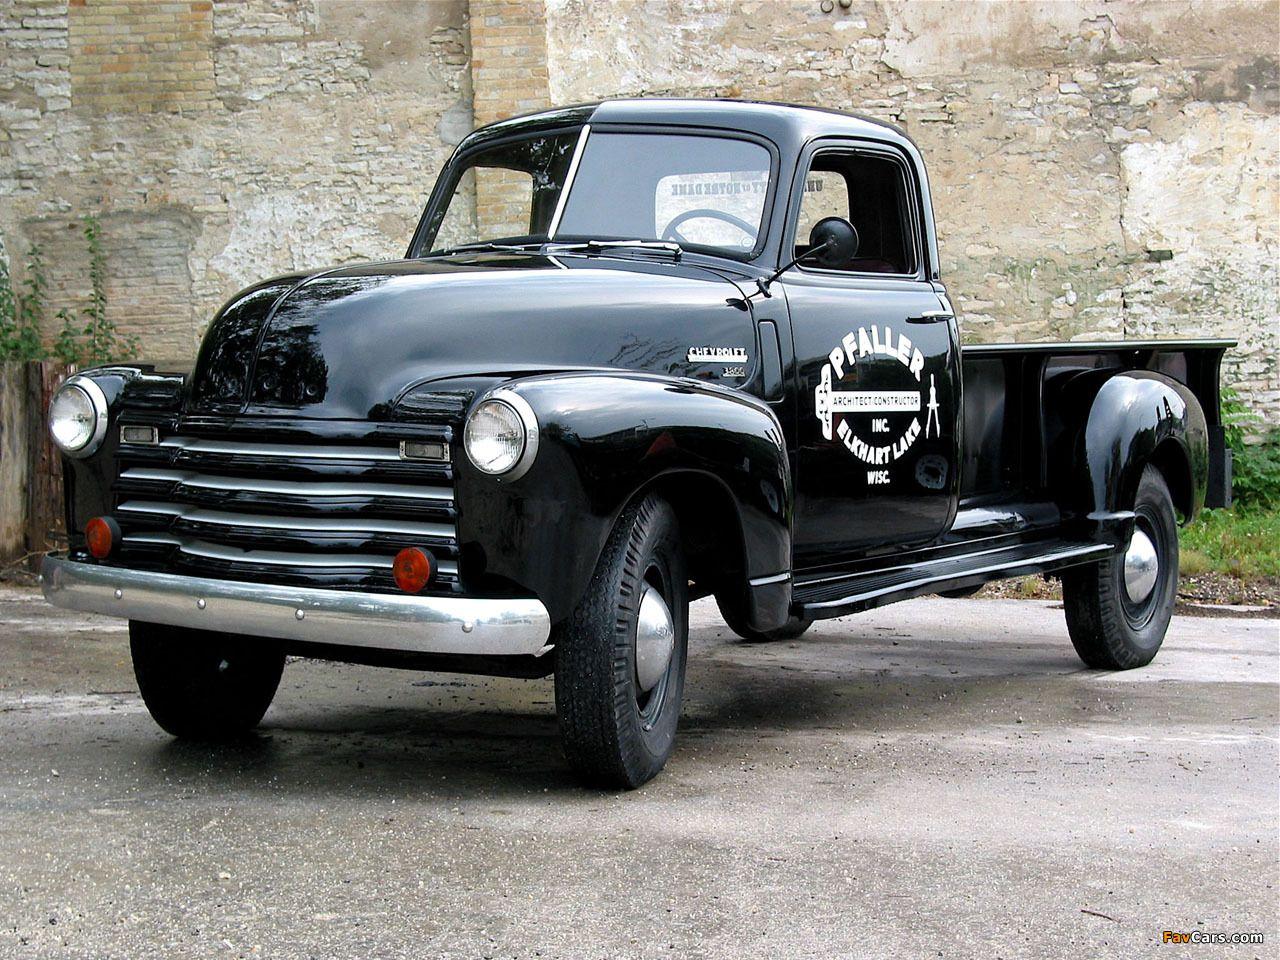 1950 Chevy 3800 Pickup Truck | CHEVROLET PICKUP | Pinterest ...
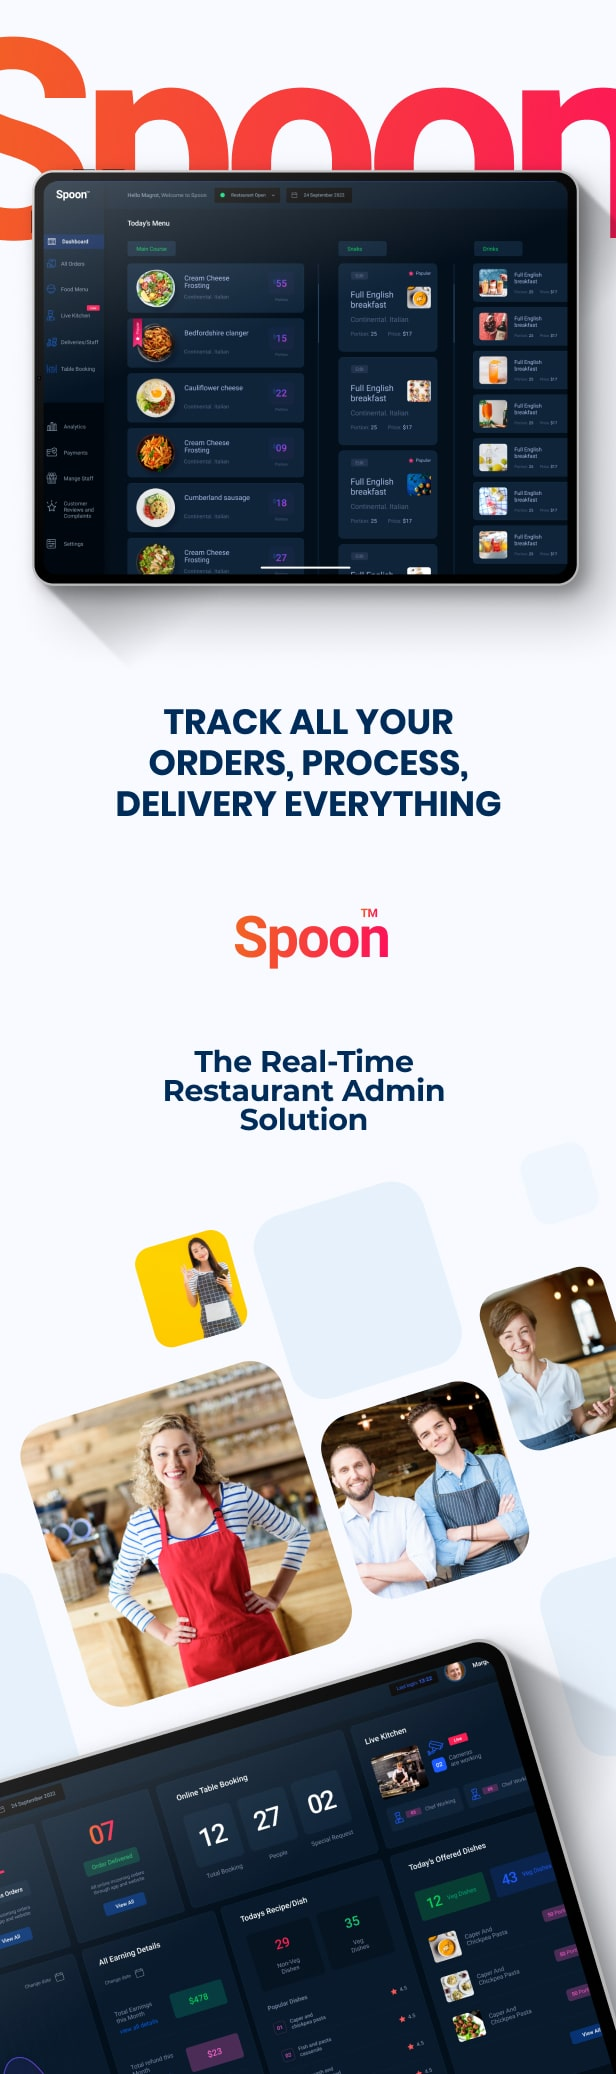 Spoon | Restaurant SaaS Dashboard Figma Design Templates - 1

****************************************

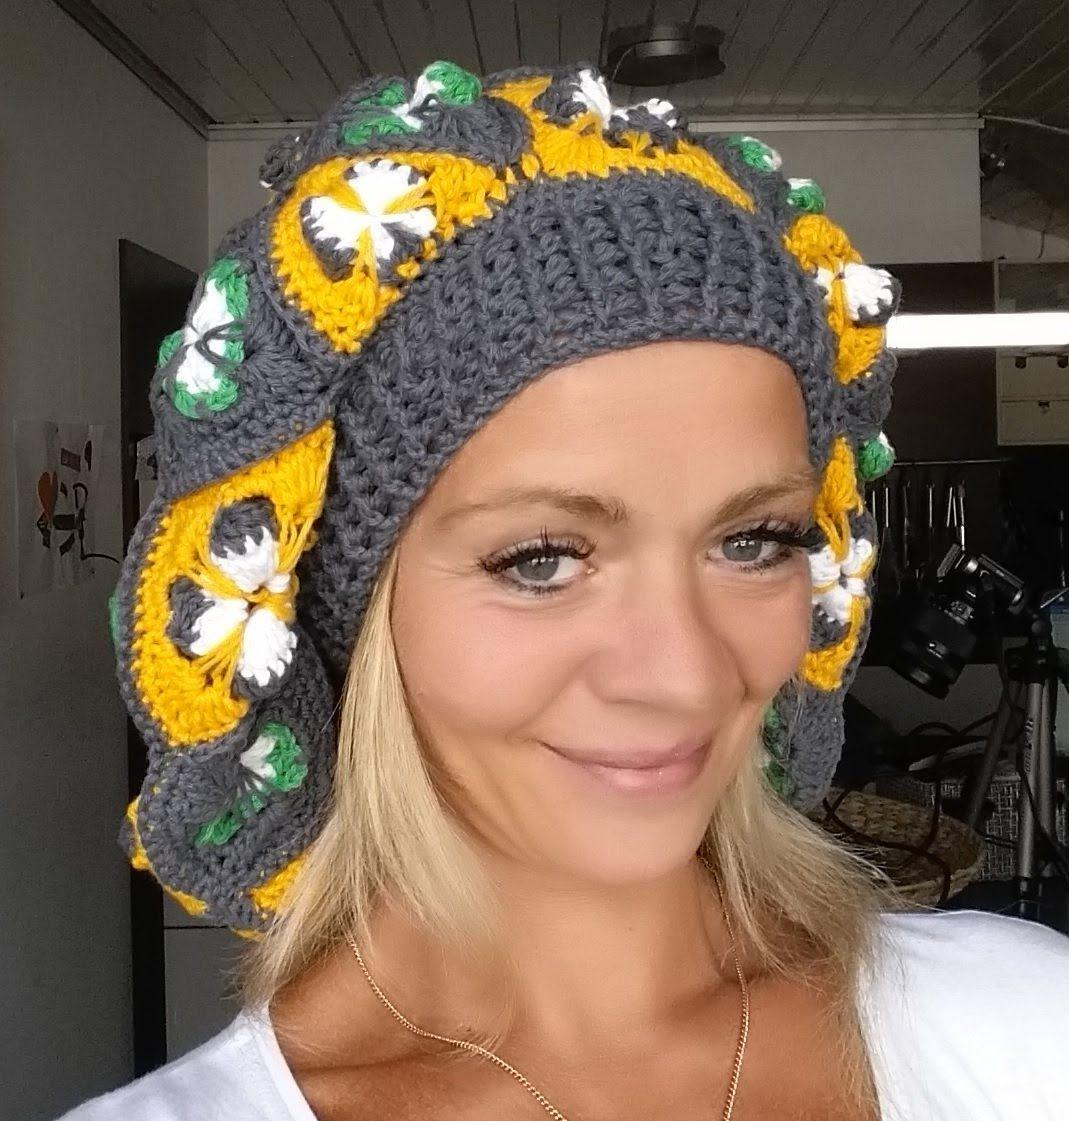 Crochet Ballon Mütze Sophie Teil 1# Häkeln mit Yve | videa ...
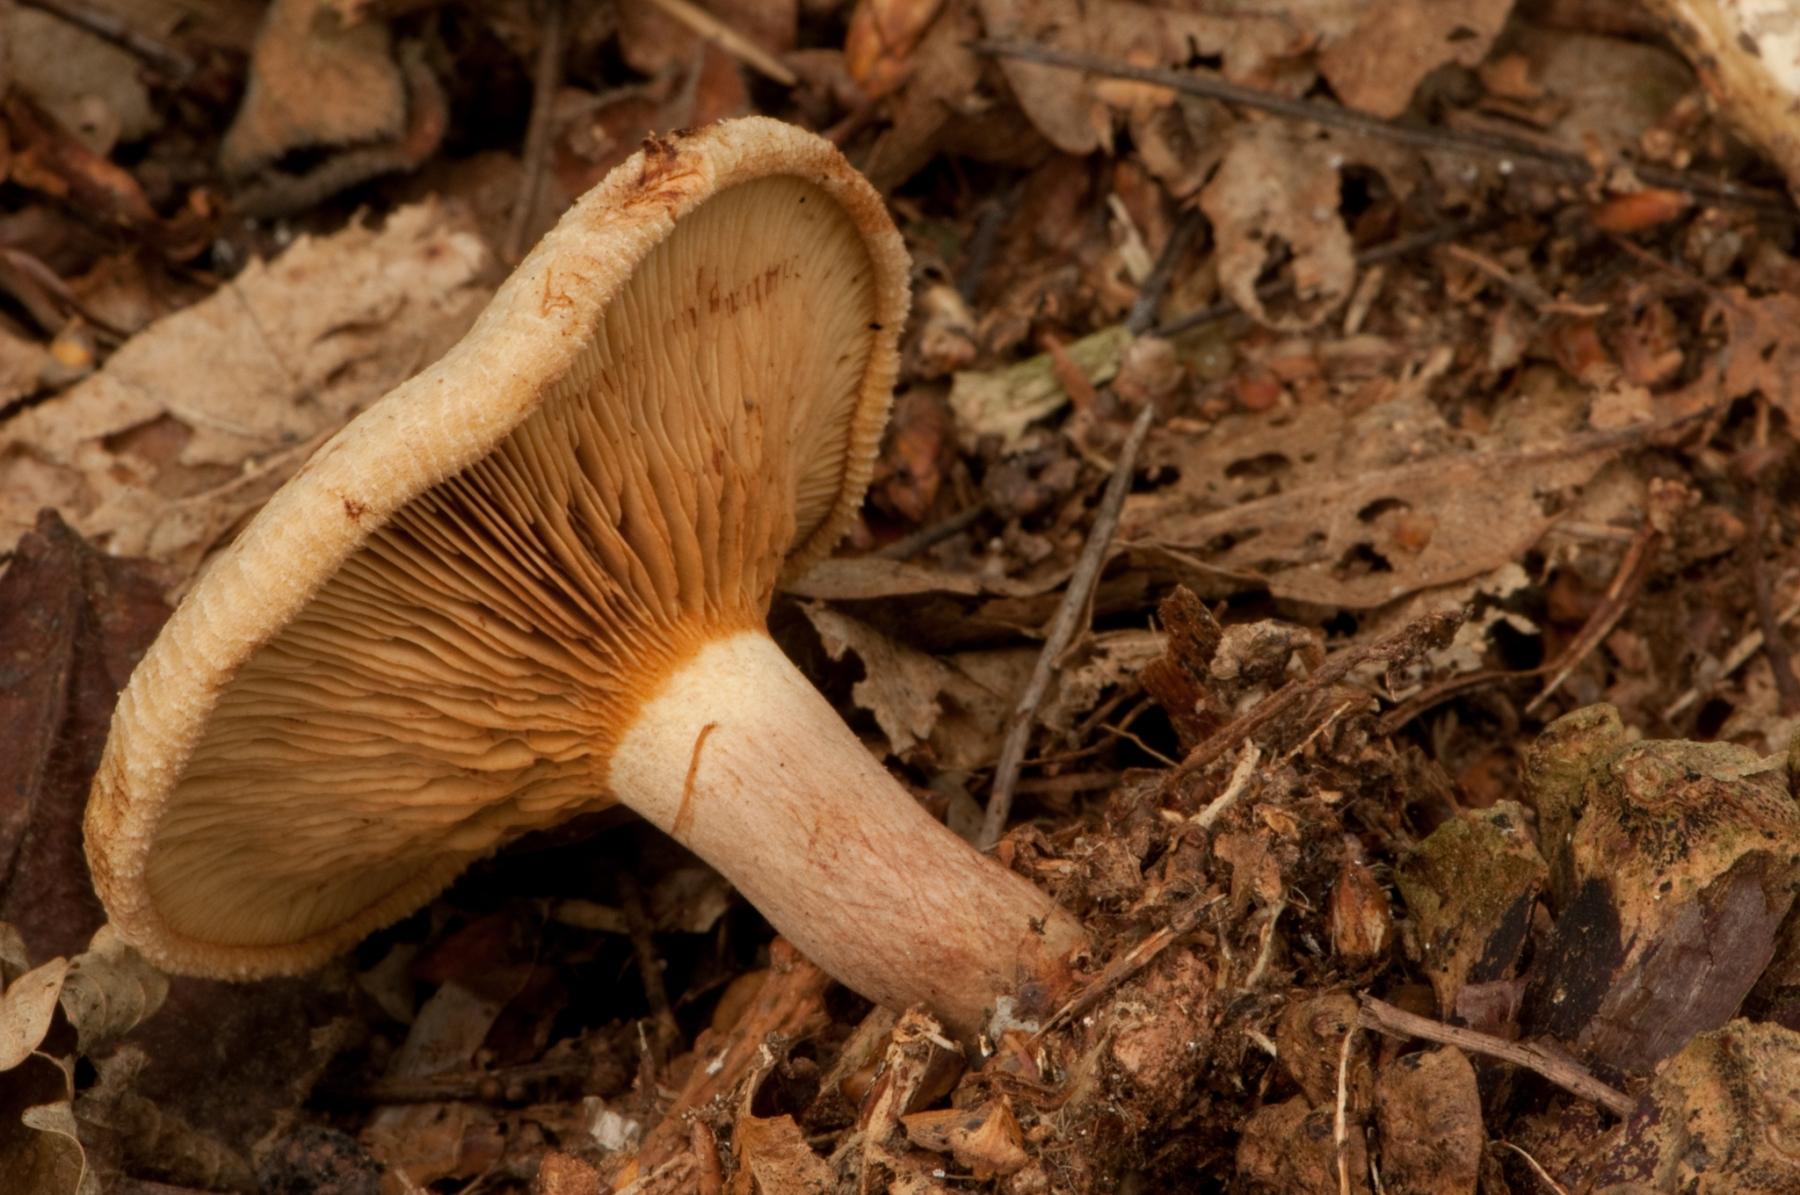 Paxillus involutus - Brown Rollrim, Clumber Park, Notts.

****************************************

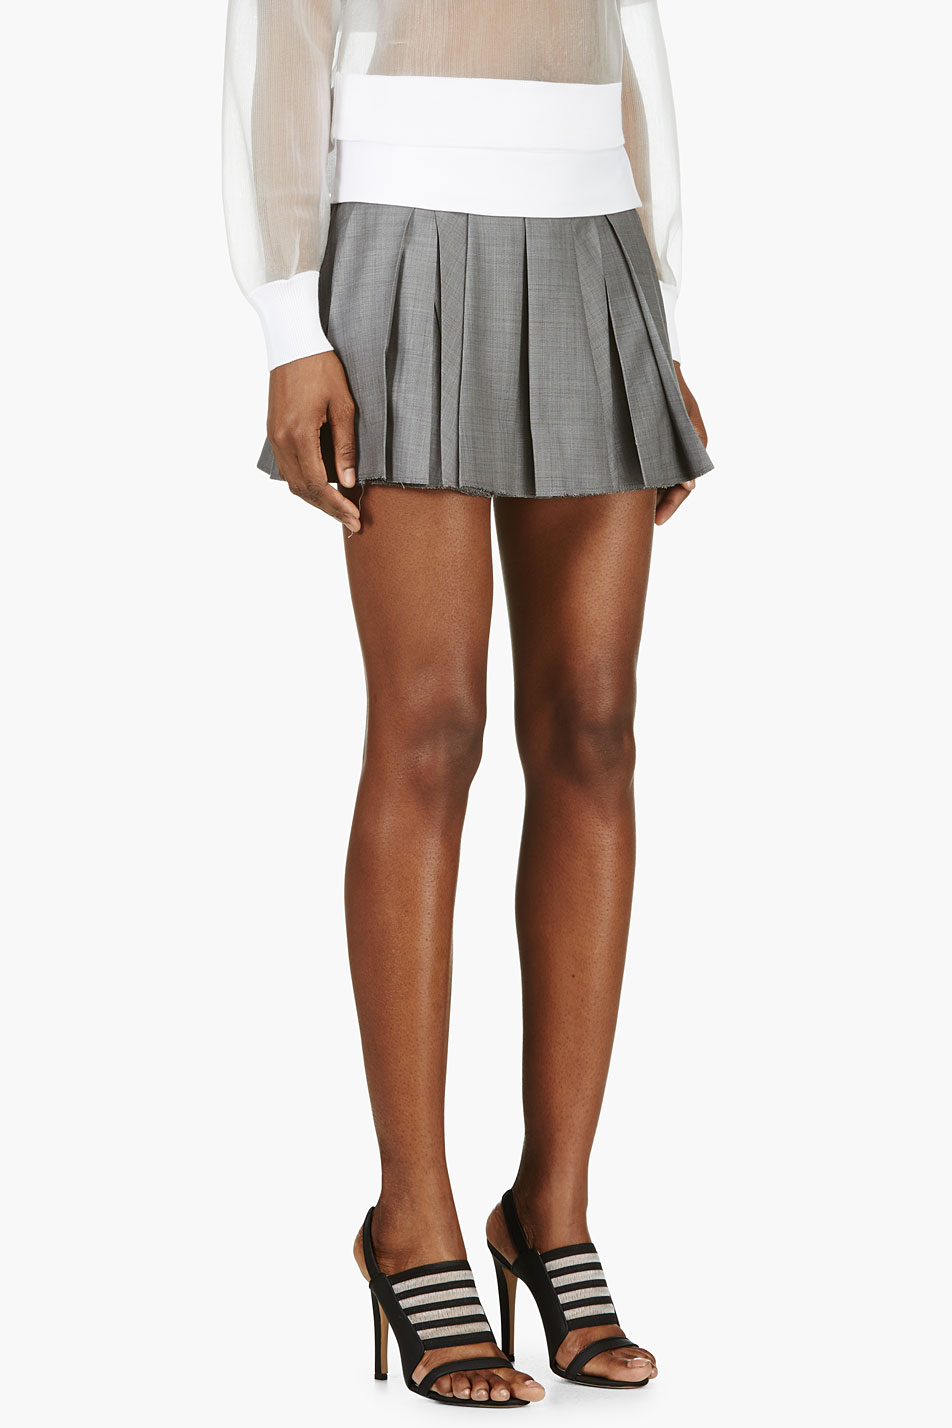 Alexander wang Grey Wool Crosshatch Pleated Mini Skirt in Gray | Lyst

****************************************

- _Problem requirements_
From the records above, copy only the lines running from the line containing "1950 Chevy 3800" to the line containing "Spoon | Restaurant", both ends included. Leave the pictures out.

- _Response box_
 1950 Chevy 3800 Pickup Truck | CHEVROLET PICKUP | Pinterest ...
 Spoon | Restaurant SaaS Dashboard Figma Design Templates - 1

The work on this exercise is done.